1.1 Liver PDFF quantification

PDFF has been developed, validated, and applied for the assessment of tissue triglyceride concentration.8 Although chemical shift encoded (CSE) fat-water imaging was introduced nearly 40 years ago,9 the development of quantitative techniques that measure PDFF has accelerated over the past two decades.10-17 Using either MRS16 or MRI8 acquisitions, PDFF measures the concentration of MR-visible triglyceride protons relative to all MR-visible protons (from triglycerides and water), which has multiple research and clinical applications. Recent technical developments and validation studies (see below) have led to widely available techniques. These techniques are particularly promising for the quantification of liver fat, e.g., in the assessment of non-alcoholic fatty liver disease (NAFLD).

1.2 Cardiac T1 mapping

Although cardiac T1 mapping was first developed in the 1990s,18 the field accelerated more recently when the promise to enable non-invasive assessment of diffuse fibrosis emerged.19 As the T1 relaxation time depends on the mobility in the macromolecular environment, over time cardiac T1 mapping has proved useful in many clinical applications.20 Initially, semi-quantitative relaxation measurements in the myocardium based on Look-Locker sequences were explored.21, 22 However, these methods lacked the reproducibility and reliability to serve as a quantitative tool in clinical application. With the introduction of the Modified Look-Locker Inversion Recovery (MOLLI)23 and shortened MOLLI (shMOLLI)24 methods, myocardial T1 mapping became feasible on a voxel-by-voxel basis in a single breath-hold and with high visual T1 map quality. This facilitated the widespread use and application to numerous ischemic and non-ischemic cardiomyopathies.25, 26 Continuous method development and refinement have led to increasingly sensitive and reliable T1 measurements of the heart, paving the way for routine clinical use.20

2 TECHNICAL PERFORMANCE OF qMR METHODS

The development and validation of qMR methods requires a framework for describing their technical performance.

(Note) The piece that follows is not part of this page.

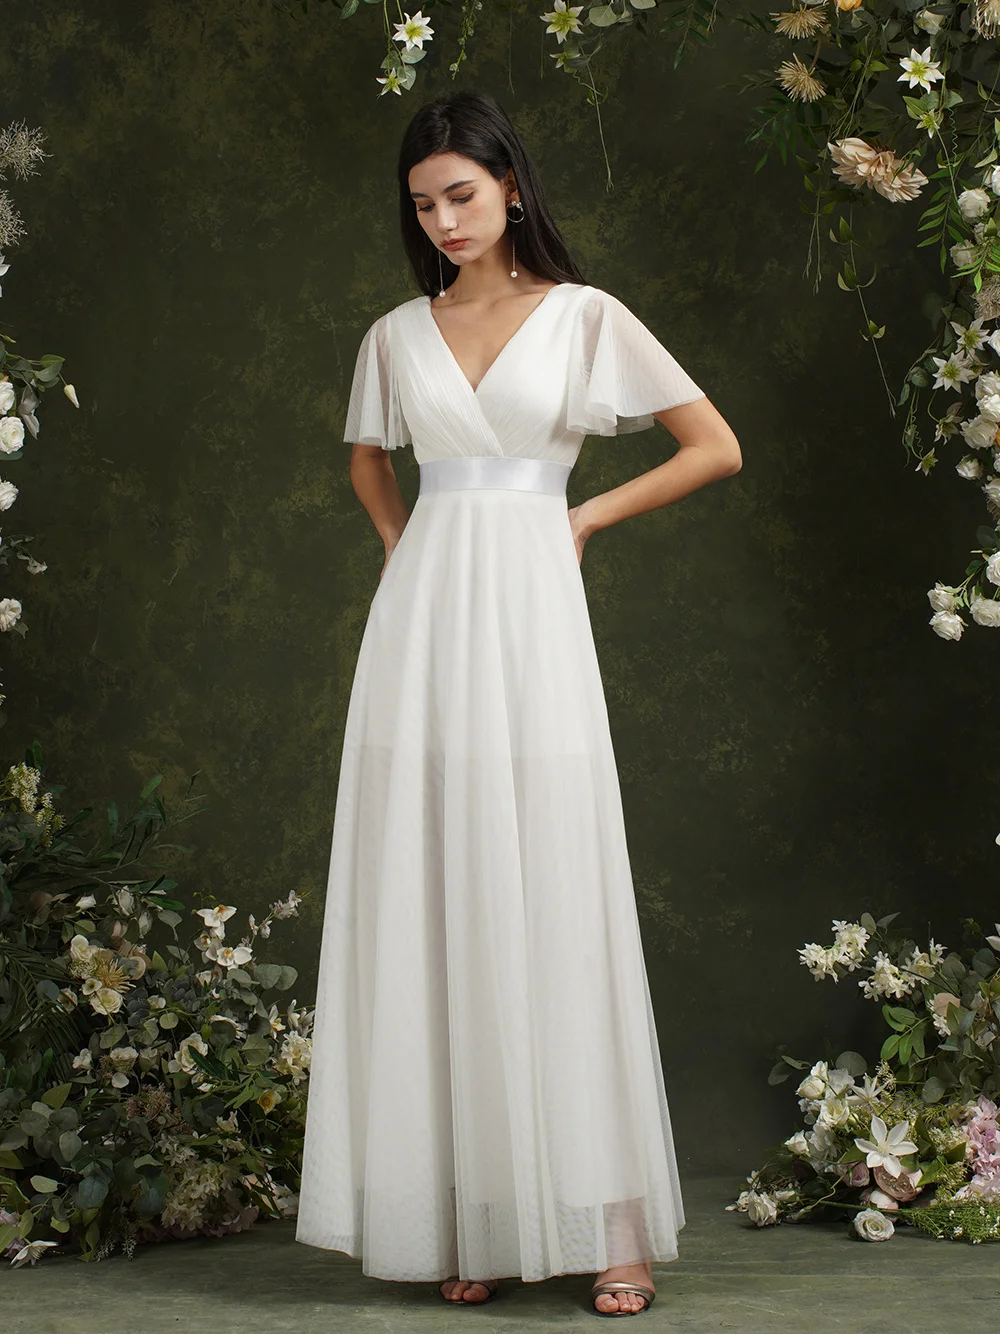 Женское летнее платье MisShow, белое шифоновое платье с расклешенными рукавами, классическое плиссированное платье с бюстом, атласные ленты, Д... от AliExpress RU&CIS NEW
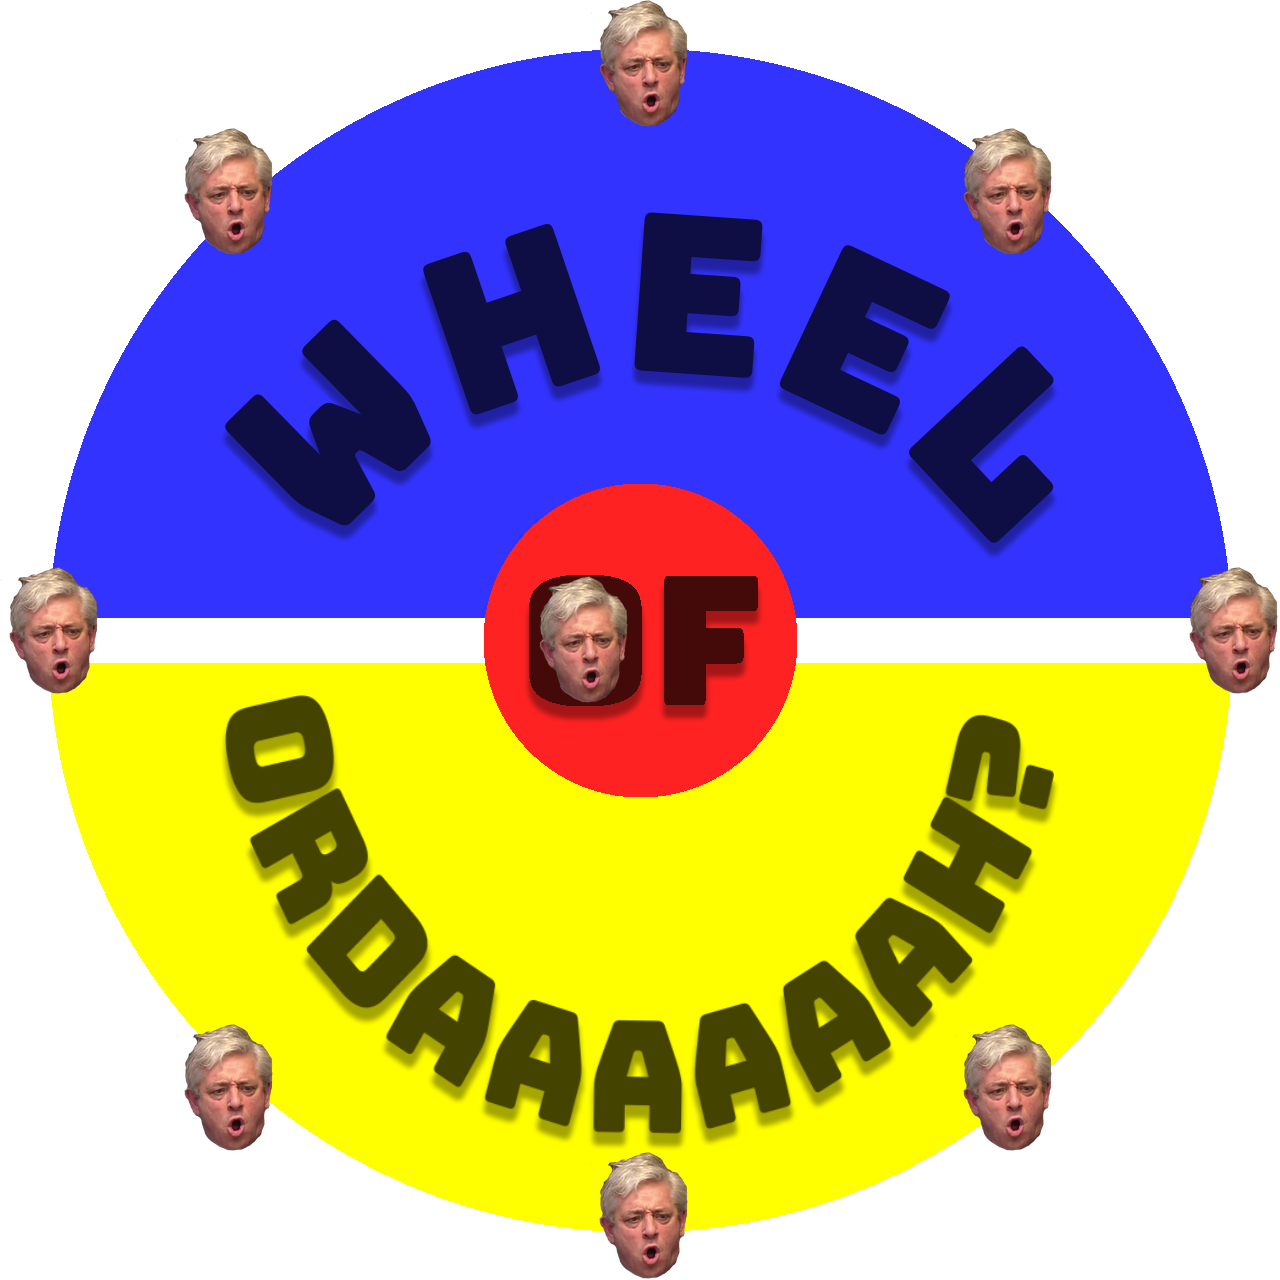 Wheel of ORDAAAAAAAAAAAAHHHH?

The two major technical performance properties of a qMR method (Figure 2) are: (1) the bias, which includes the properties of linearity, the regression slope and intercept, and the overall bias; and (2) the precision, which is described by the repeatability and reproducibility. These metrics are described in detail below and summarized in Table 1. Previous works in qMR have used deviating terminologies, including “accuracy” or “robustness,” to describe technical performance. However, in this work we use, and encourage others to use, metrics based on bias and precision, as established by the quantitative imaging metrology community.27, 28 A glossary of the terminology used throughout this paper can be found in Supporting Information Table S1, which is available online.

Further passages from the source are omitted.